When the Union Army was stationed in a particular area, so many slaves made their way to freedom that “contraband camps” were set up nearby. However, slaves in the Deep South did not have this opportunity until near the end of the war.
As the Union Army under General William T. Sherman moved from Atlanta, Georgia to Savannah, plantation owners usually fled, often taking their most valuable slaves with them. George Ward Nichols aide-de-camp to General Sherman kept a diary of his experiences and conversations. He wrote of the situation:
“The negroes were told that, as soon as we got them into our clutches, they were put into the front of the battle and were killed if they did not fight; that we threw the women and children into the Chattahoochee, and when the buildings were burned in Atlanta we filled them with negroes to be roasted and devoured by the flames.”
Nichols reported the response of a group of slaves he talked with near Milledgeville, who had weighed their master’s motivations when he provided this horror story. “What for de Yankees want to hurt black men? Massa hates de Yankees, and he’s no fren’ ter we; so we am de Yankee bi’s fren’s.”
As the Union army approached, they often saw the road lined with freedmen waiting to join the march to somewhere else where they would be free and could start a new life.

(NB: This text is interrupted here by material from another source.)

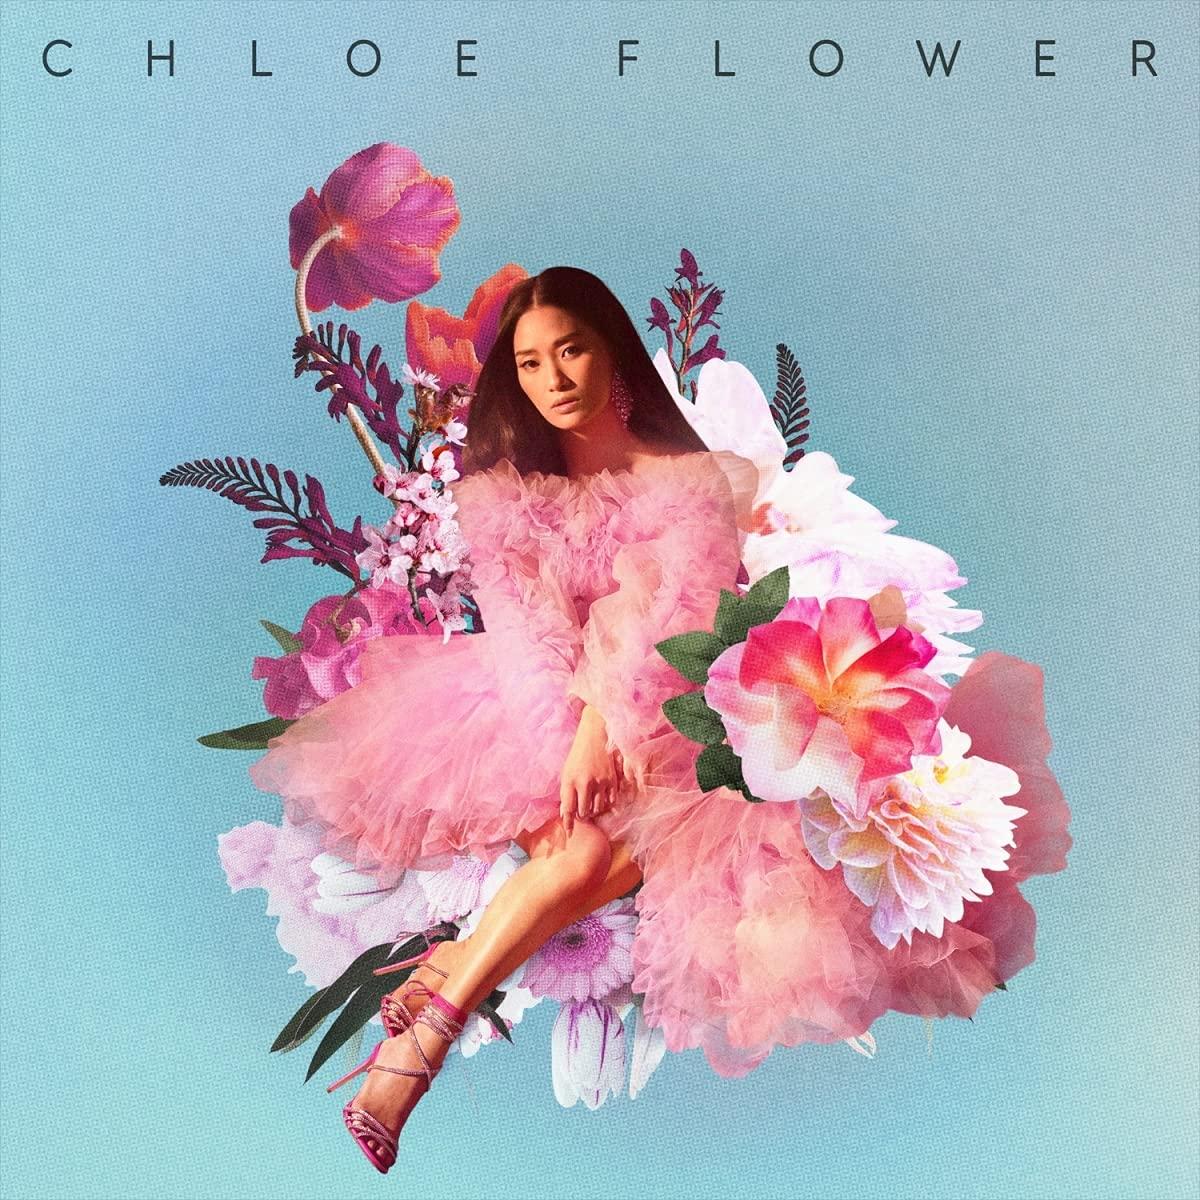 Chloe Flower - Chloe Flower (2021) [FLAC] Download

Sherman and other officers urged them to stay where they were since the army could not provide for them. This argument was ineffective. Maj. General Slocum, with Sherman’s left wing in the march across Georgia, reported that the freed men, women and children following the army numbered in the thousands.
On September 17. 1864, J.F. McCartney wrote, “The negroes are running to us in great numbers forsaking their very kind protectors. The white people from here on are running from us leaving all to be destroyed.”
I think I would have followed the army too!